Differentiated Literacy Experiences Provide Success and Challenge
All children can successfully engage in shared reading experiences using familiar read and sing books and language charts. More mature readers can be challenged to read the entire book or chart without the help of the melody, using expression and fluent phrasing. Emergent readers learn to track the words while they sing. They highlight and practice reading high-frequency words. Explicit phonics instruction meets differentiated needs: some children need practice with beginning sounds, and all children benefit from focusing on one or two word families. When children discuss, dramatize, or use American Sign Language to further internalize the song lyrics, comprehension and vocabulary is enhanced. Marie Clay’s research reminds us that children come to reading from many paths. A typical kindergarten classroom embraces children who are just beginning to hear and understand the sounds of English and others who are already eager readers and writers. All children need to perceive themselves as ones who are able to read. Learning to read must be emotionally connected with pleasure and success as the brain anchors new skills to something that is already known. If children are immersed in the language of songs and rhymes early on during their home and school literary lives, they will have the vital scaffolding of English grammar structures to hold them up as they embark on their journey as readers. Once they are “hooked” on language, we can use these memory hooks to systematically teach and reinforce the sevenessential reading skills and habits of mind: phonemic awareness, phonics, comprehension, vocabulary, fluency, the belief that “I can read!”, and the motivation to build stamina and independence as a reader.

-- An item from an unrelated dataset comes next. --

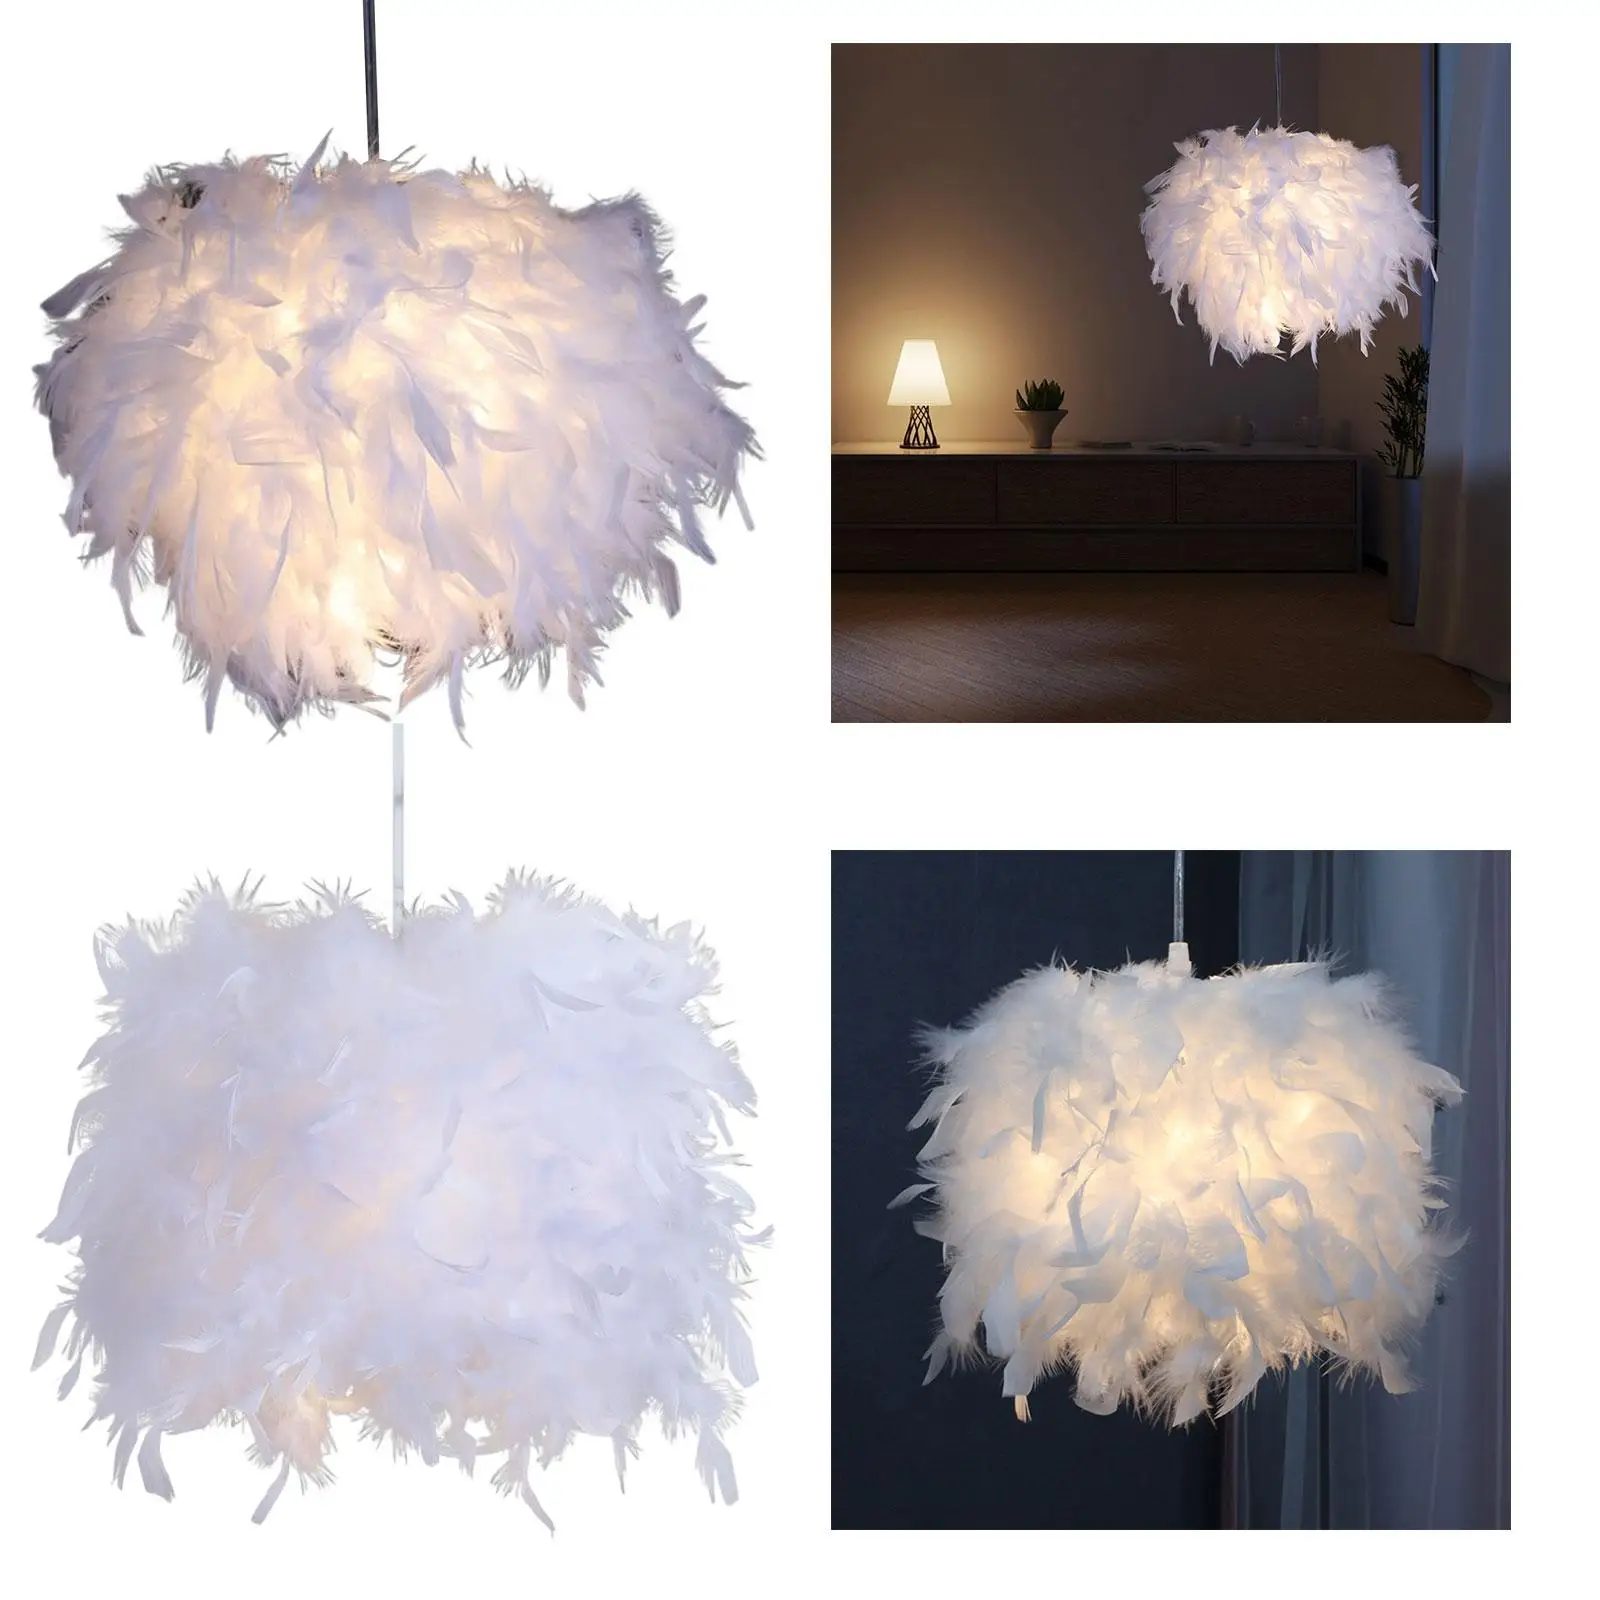 Decorative Feather Lampshade Decor Romantic Accessory Hanging Lampshade for Home Table Lamp Floor Lamp Bedside Lamp Decoration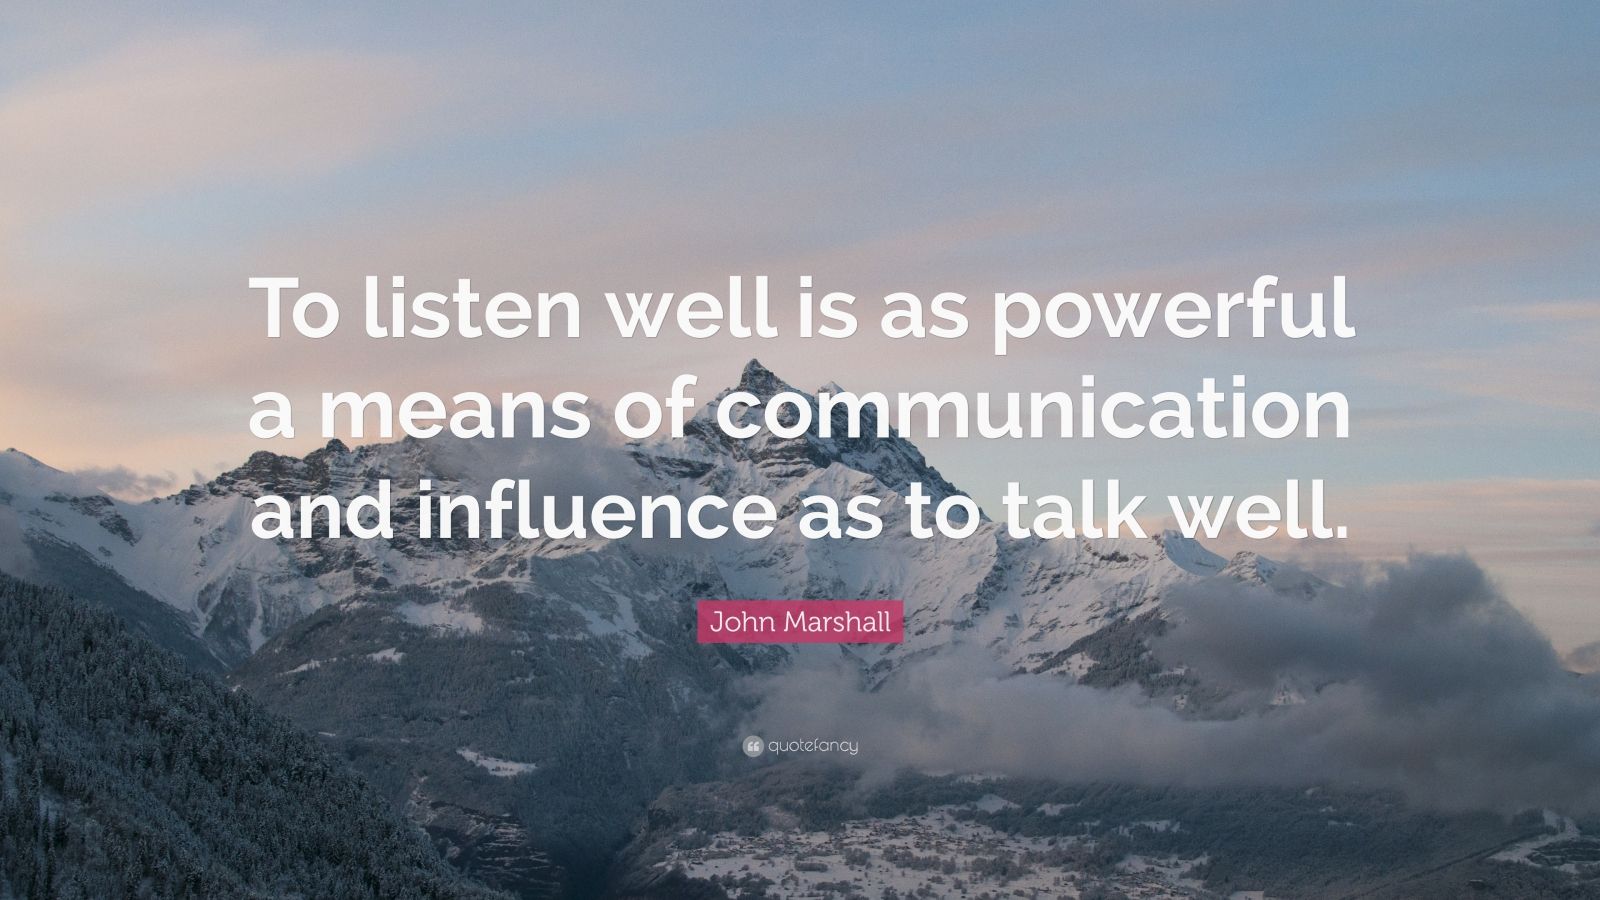 John Marshall Quote: "To listen well is as powerful a means of communication and influence as to ...

A Child’s Experience in Learning to Read Influences Their Whole Self-Concept
Bruno Bettleheim’s research shows that how a child perceives herself in the act of learning to read generalizes to her whole self-concept. While we are developing language and literacy skills, we must also nurture belief systems that allow young children to see themselves as successful readers and to develop the disposition of ones who love reading right from the start. Giving children quality “books that sing and rhyme” as a part of a multisensory and comprehensive early literacy program builds success and confidence for children at all levels on the reading continuum. Connecting singing and reading is respectful of children’s diverse learning styles and honors their social-emotional needs. It simultaneously accelerates language development and reading fluency by taking advantage of how the young child’s brain learns best.